Task requirements:
Copy every line from the one that holds "JSPR Eden Deco 75×200 Gold Rectangle" to the end of the records below, exactly and with nothing else, but without any pictures.
*** Listed entries Section Begins ***
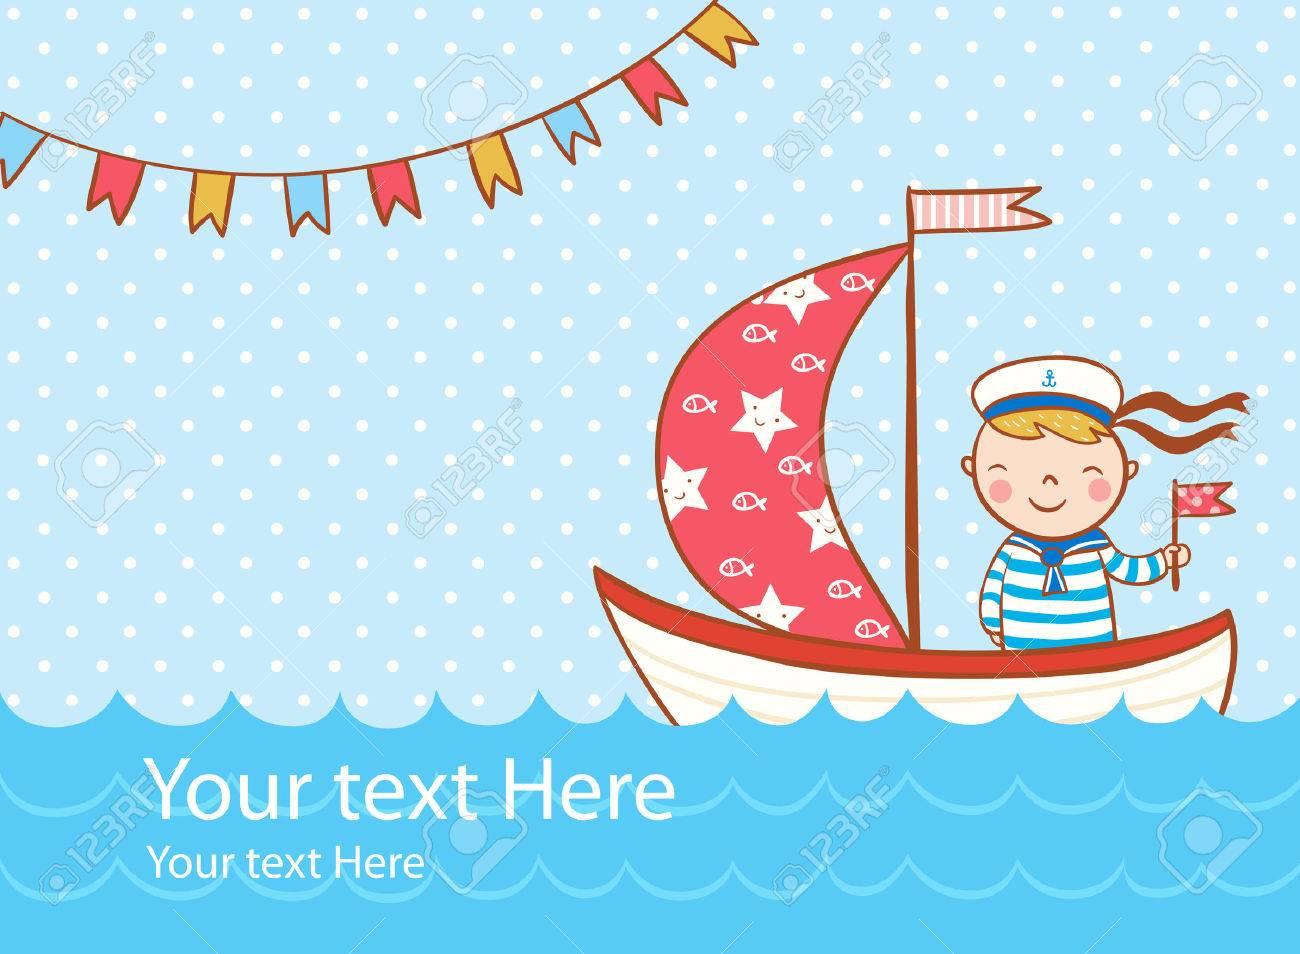 Beautiful greeting card with boy, ship and sea. - 48473912
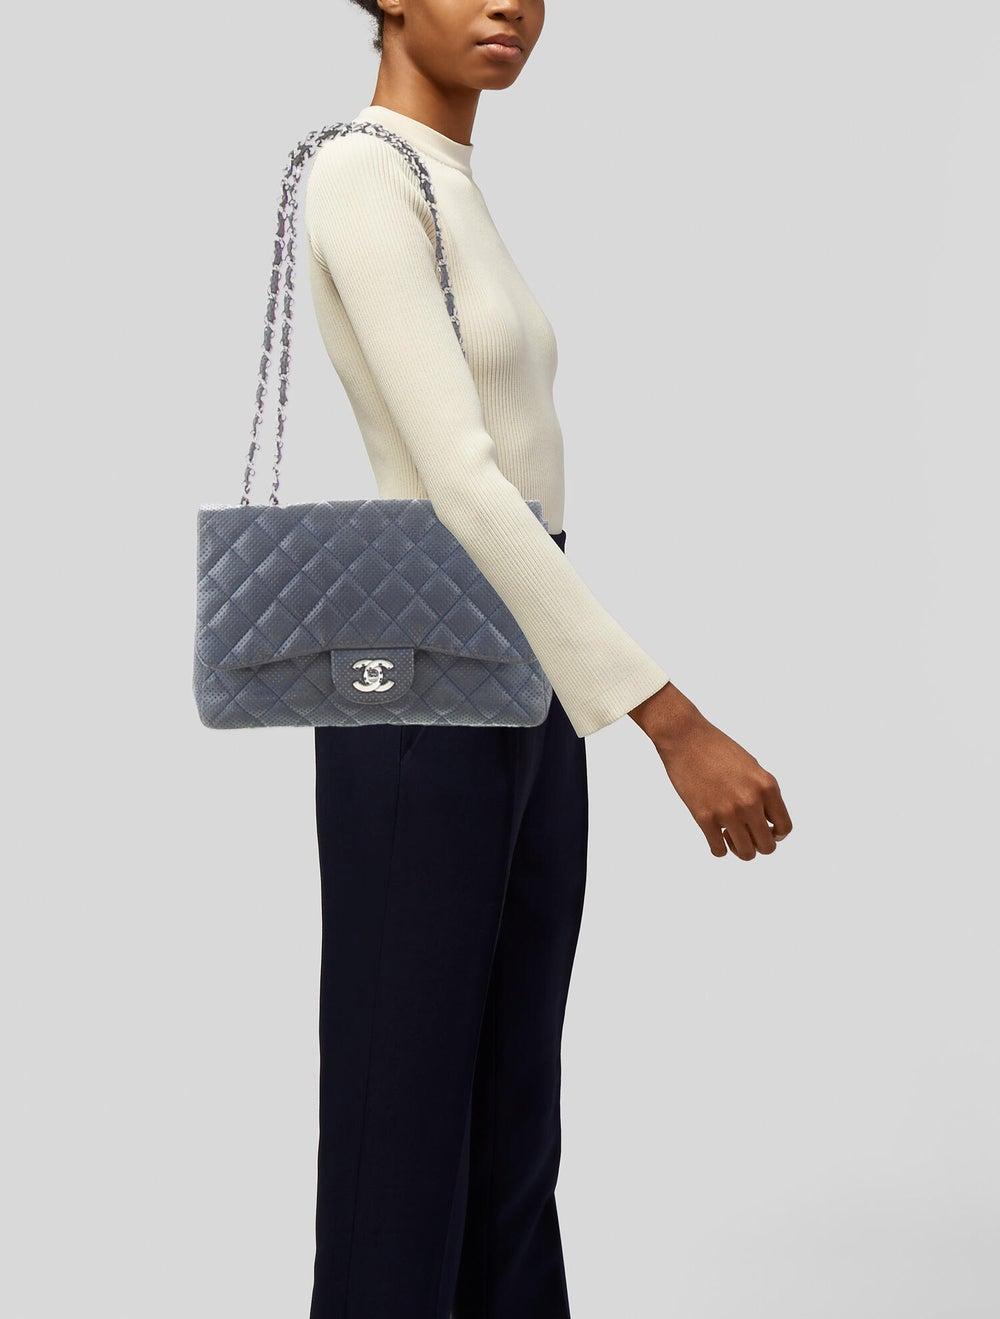 Chanel Perforated Classic Jumbo Single Flap Bag B… - image 2
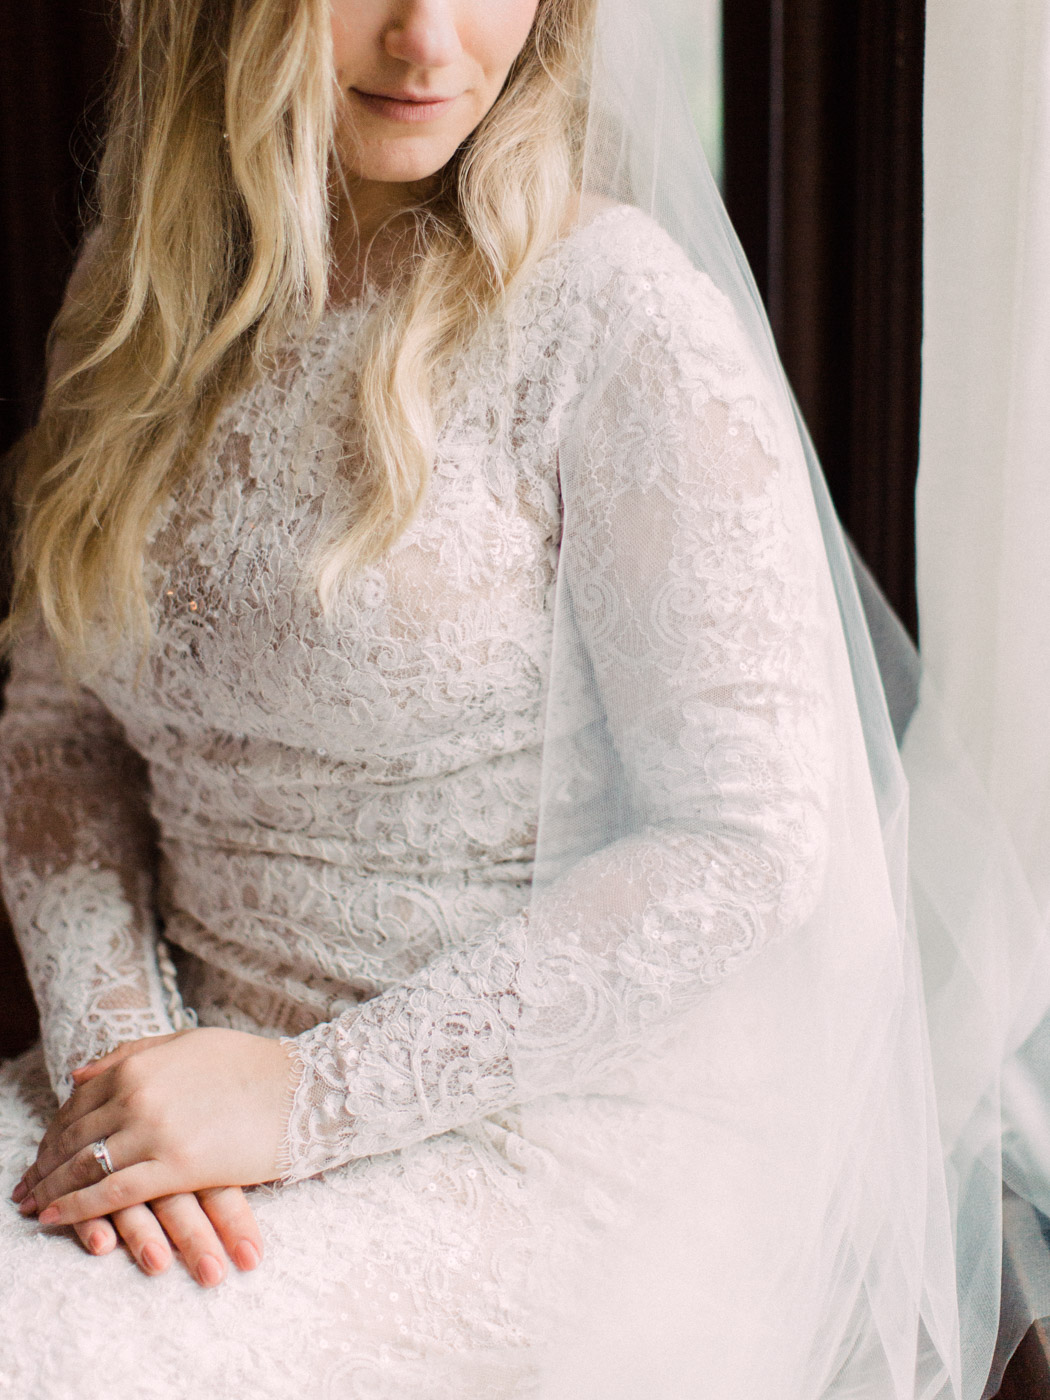 Toronto-wedding-photographer-intimate-classic-fine-art-elopement-ottawa72.jpg
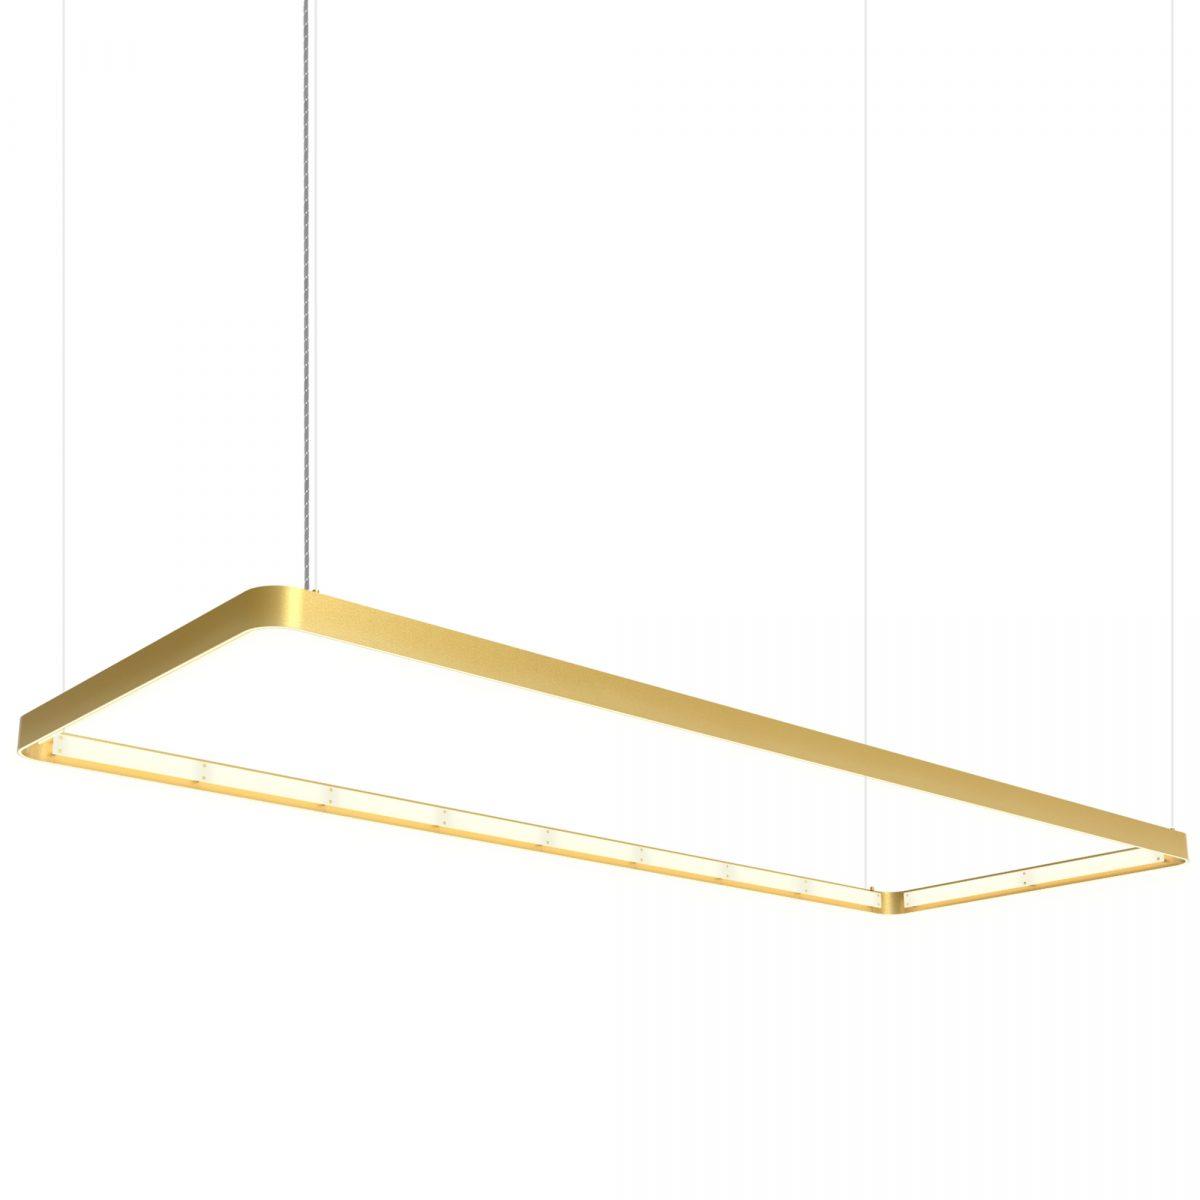 JSPR Eden Deco 75×200 Gold Rectangle
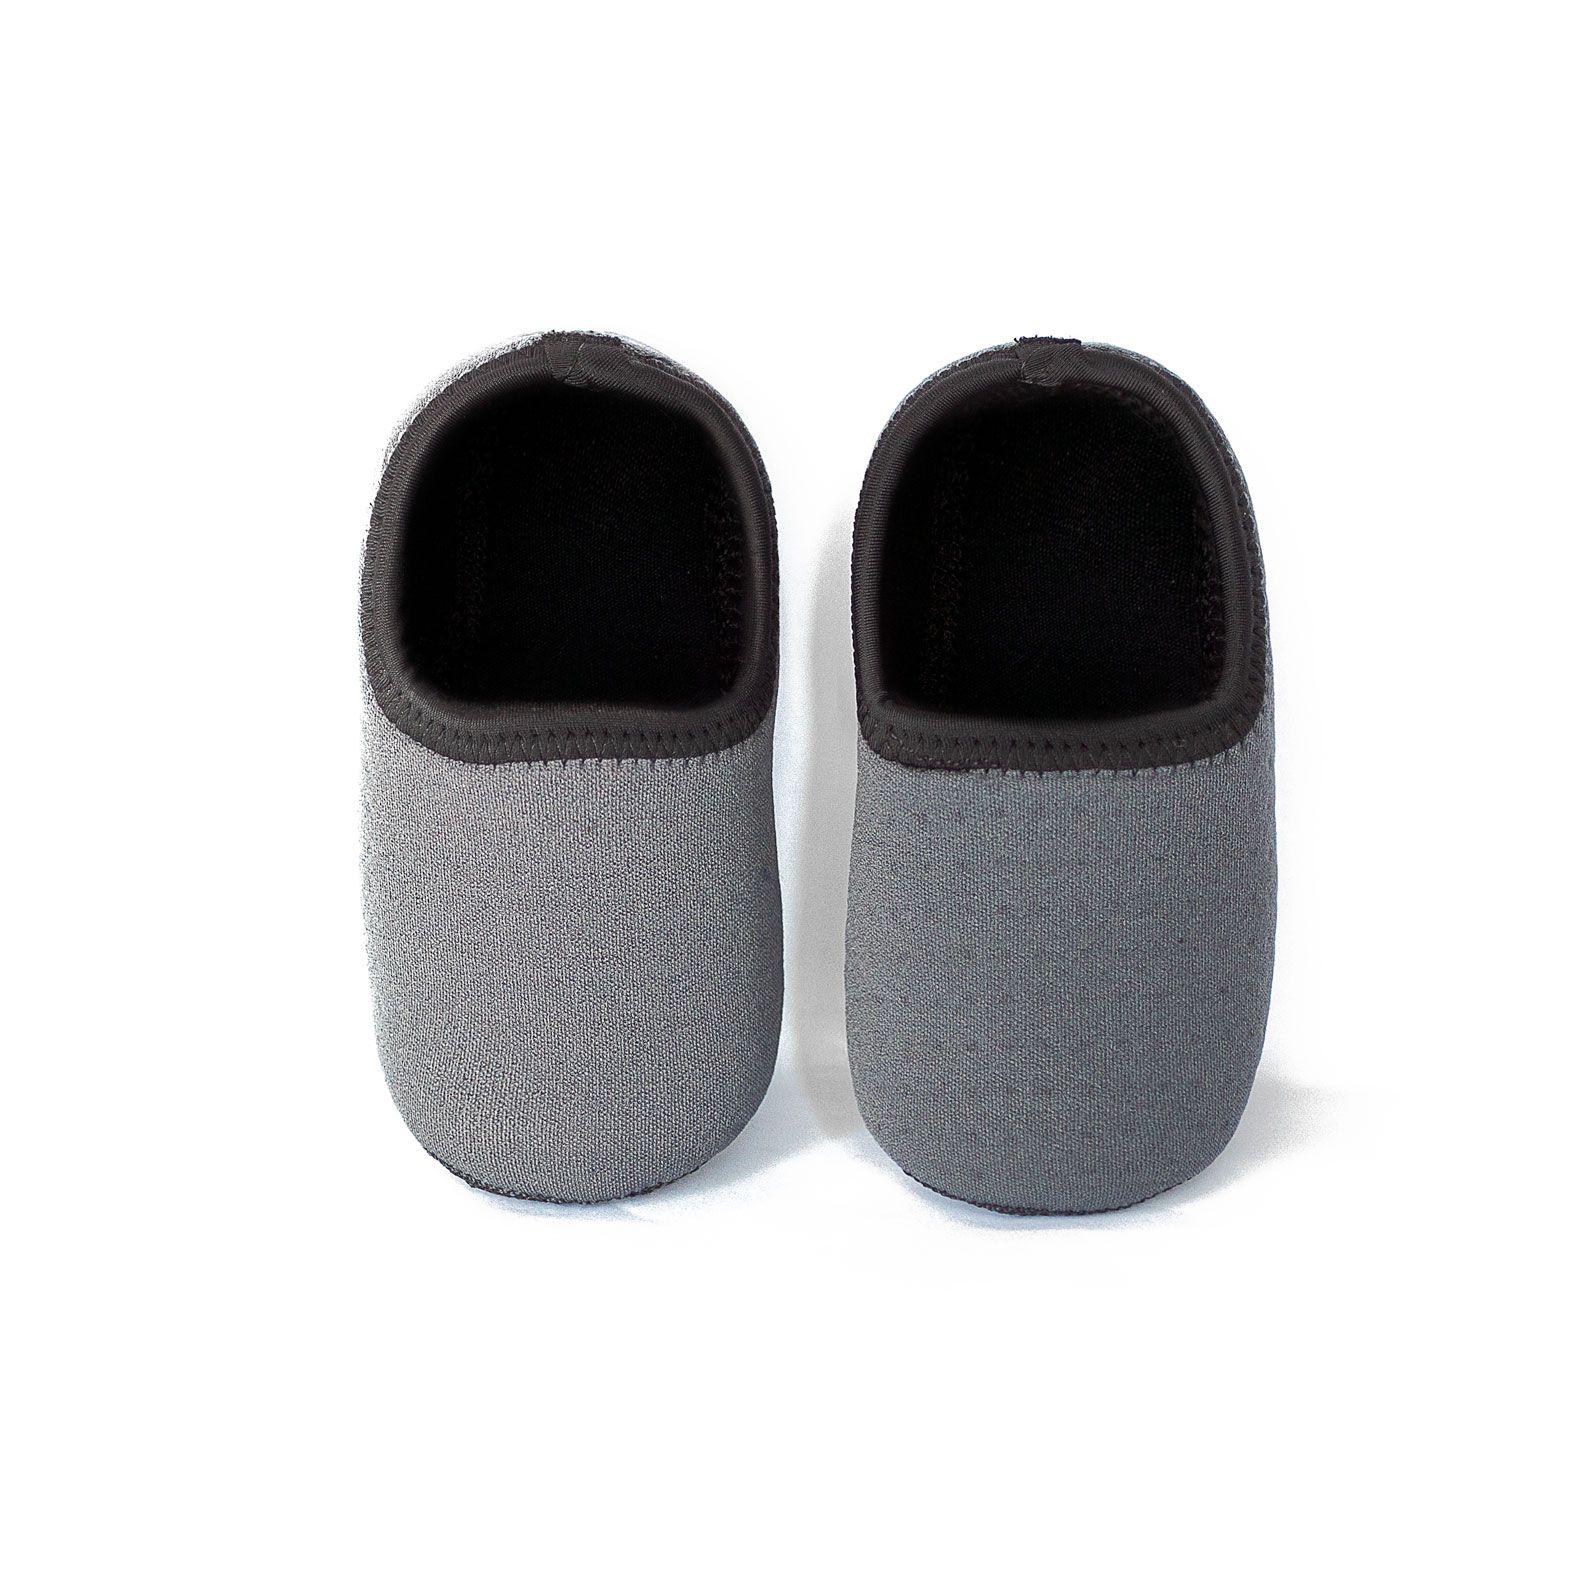 Sapato de Neoprene Infantil Fit Grafite Ufrog
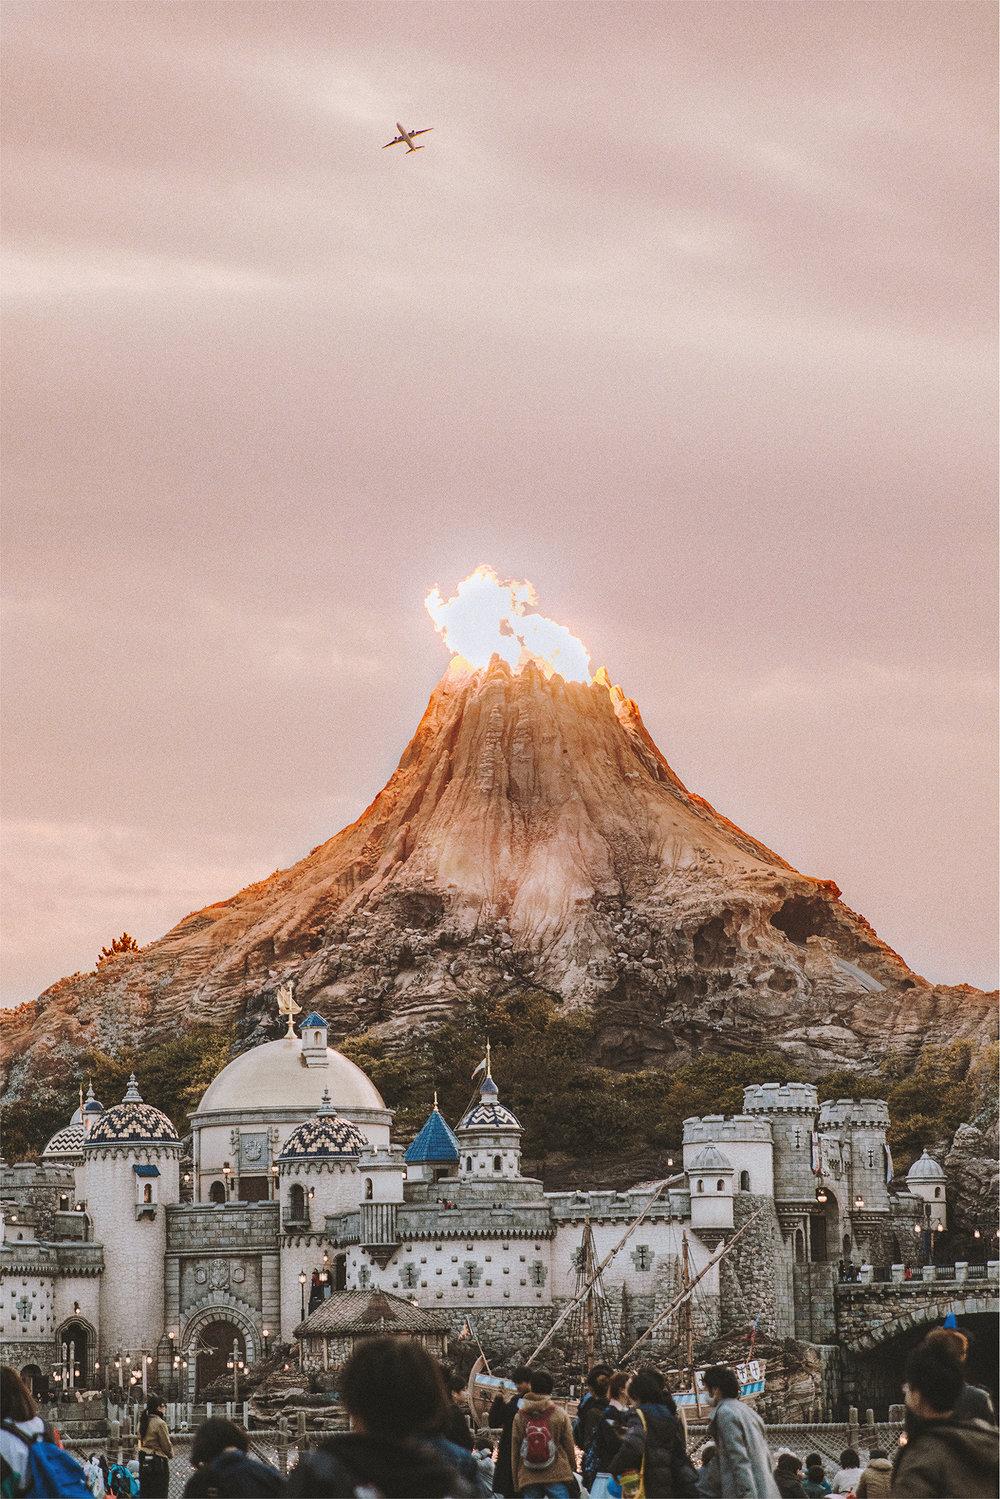 Look at Mount Prometheus erupt! This stunning display really brings DisneySea to life.
*** Listed entries Section Ends ***
Response:
 JSPR Eden Deco 75×200 Gold Rectangle
 Sapato de Neoprene Infantil Fit Grafite Ufrog
 Look at Mount Prometheus erupt! This stunning display really brings DisneySea to life.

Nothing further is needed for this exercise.